Paul’s teaching focused primarily on living out our faith and devotion to God by demonstrating God’s Love and Grace (Social Justice). James’ teaching focused primarily on practical ways of putting our faith into action (Personal Holliness).

Paul’s Focus: What we do with the blessings that God has given us in order to treat one another and our neighbors with love?

James’ focus: How do we put our faith into action; what fruit does our faith produce? How does our faith show itself (or is evident) in the way we live our lives?


Colossians 3:5-14 NIV2010

5 Put to death, therefore, whatever belongs to your earthly nature: sexual immorality, impurity, lust, evil desires and greed, which is idolatry. 6 Because of these, the wrath of God is coming. 7 You used to walk in these ways, in the life you once lived. 8 But now you must also rid yourselves of all such things as these: anger, rage, malice, slander, and filthy language from your lips. 9 Do not lie to each other, since you have taken off your old self with its practices 10 and have put on the new self, which is being renewed in knowledge in the image of its Creator. 11 Here there is no Gentile or Jew, circumcised or uncircumcised, barbarian, Scythian, slave or free, but Christ is all, and is in all.

12 Therefore, as God’s chosen people, holy and dearly loved, clothe yourselves with compassion, kindness, humility, gentleness and patience. 13 Bear with each other and forgive one another if any of you has a grievance against someone. Forgive as the Lord forgave you. 14 And over all these virtues put on love, which binds them all together in perfect unity.

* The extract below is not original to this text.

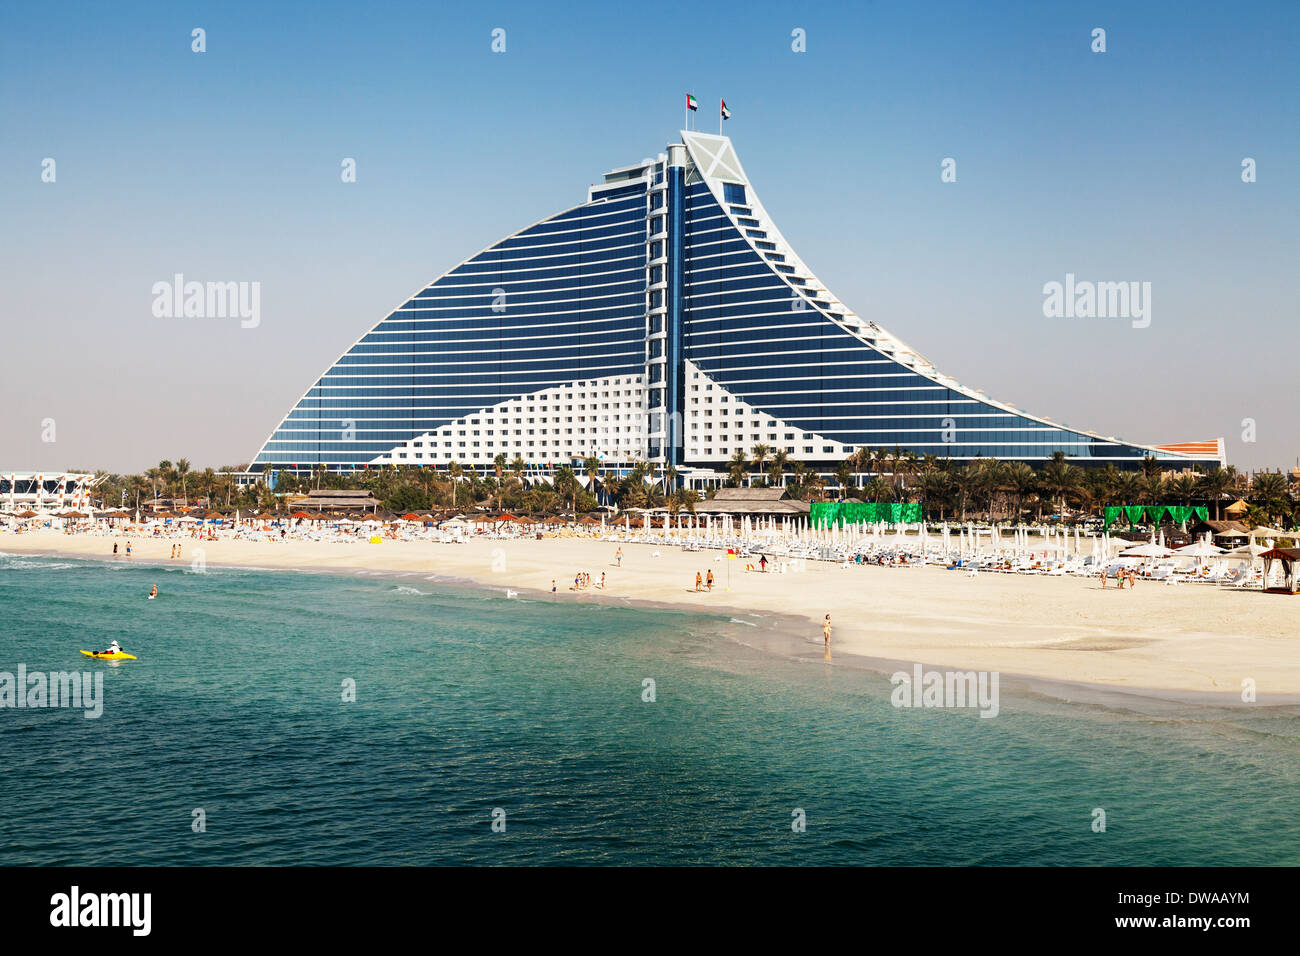 The Jumeirah Beach Hotel Dubai A Luxury 5 Star Hotel Dubai Uae Stock Photo Alamy

James 1:19-21; 2:14-18 NIV2010

19 My dear brothers and sisters, take note of this: Everyone should be quick to listen, slow to speak and slow to become angry, 20 because human anger does not produce the righteousness that God desires. 21 Therefore, get rid of all moral filth and the evil that is so prevalent and humbly accept the word planted in you, which can save you.

14 What good is it, my brothers and sisters, if someone claims to have faith but has no deeds? Can such faith save them? 15 Suppose a brother or a sister is without clothes and daily food. 16 If one of you says to them, “Go in peace; keep warm and well fed,” but does nothing about their physical needs, what good is it? 17 In the same way, faith by itself, if it is not accompanied by action, is dead.

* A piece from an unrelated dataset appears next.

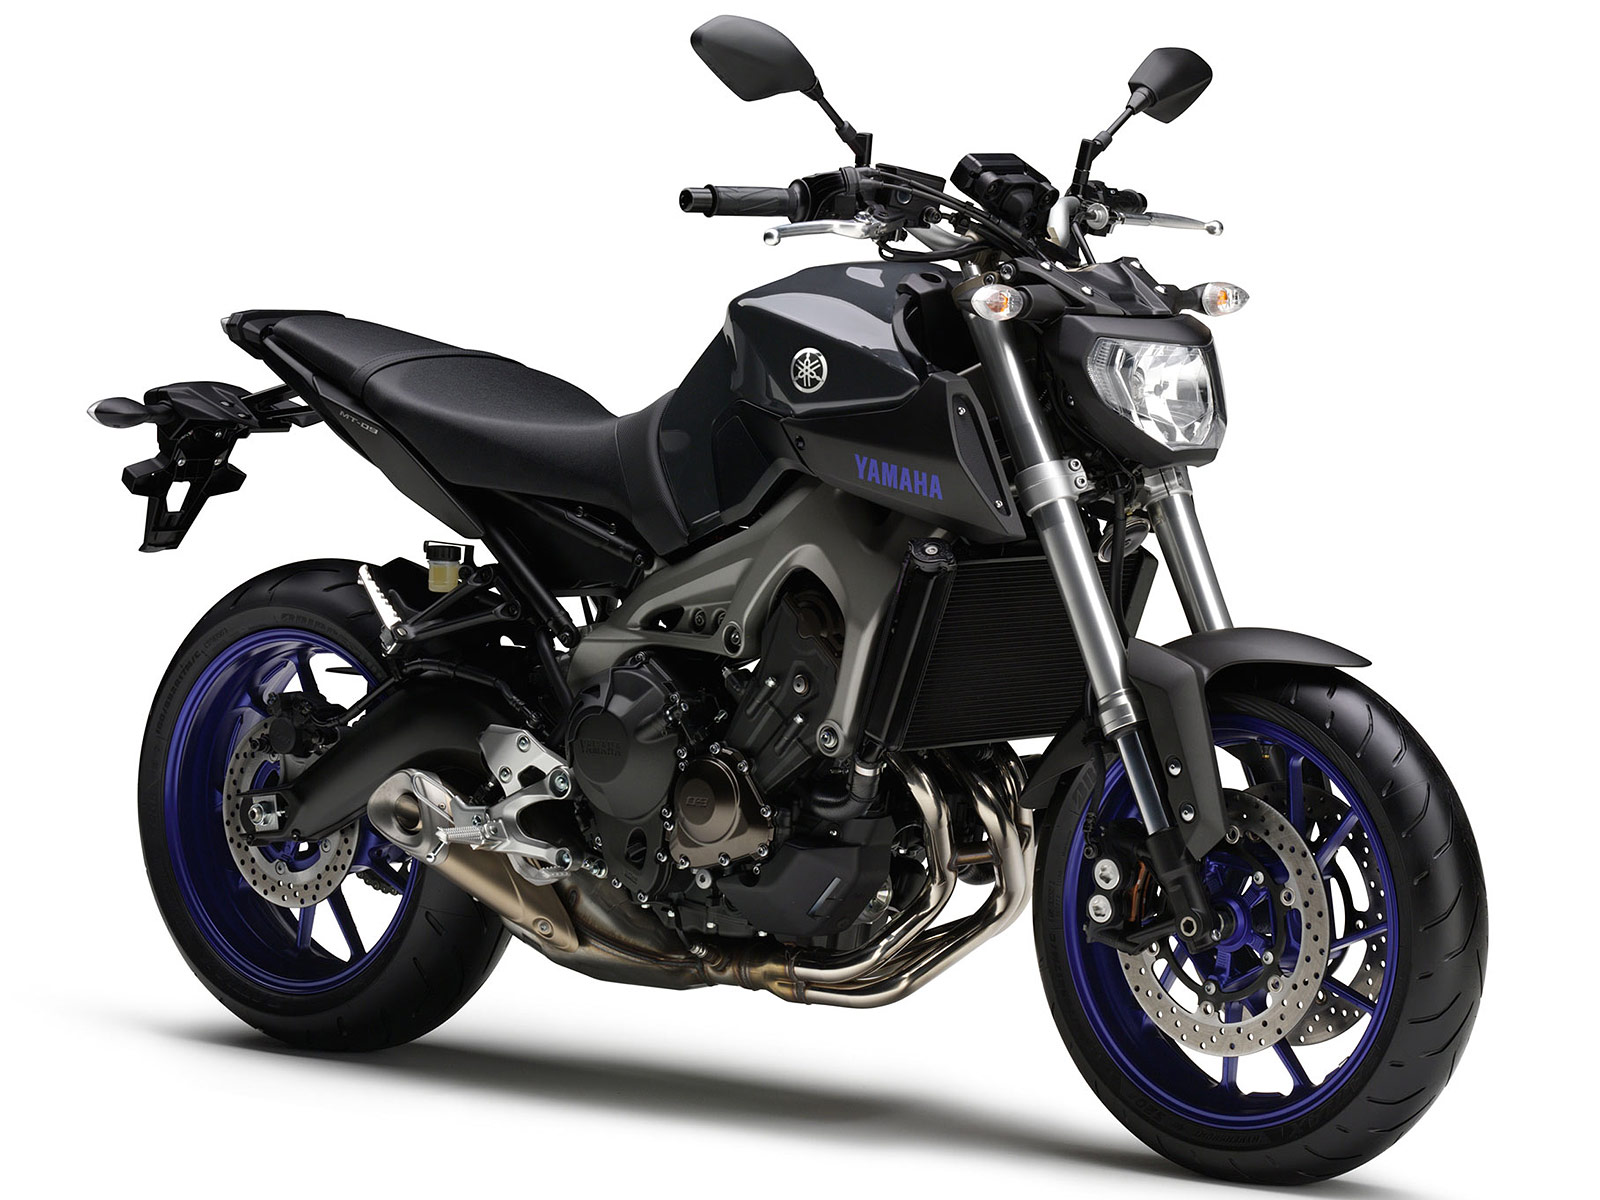 2014-Yamaha-FZ-09-WING8225 - Motorcycle.com

18 But someone will say, “You have faith; I have deeds.”

Show me your faith without deeds, and I will show you my faith by my deeds.

So what’s in it for us?


The reason we are looking at these Scriptures today, on the first Sunday of Advent, is because God is always coming into our world. God is always coming into every moment of every day of our earthly lives.

God enters every moment and every situation of our lives with a vision, with a notion, with hope and with an idea of what that moment can be and what we can become. These possibilities, this energy, these promises are God’s Grace.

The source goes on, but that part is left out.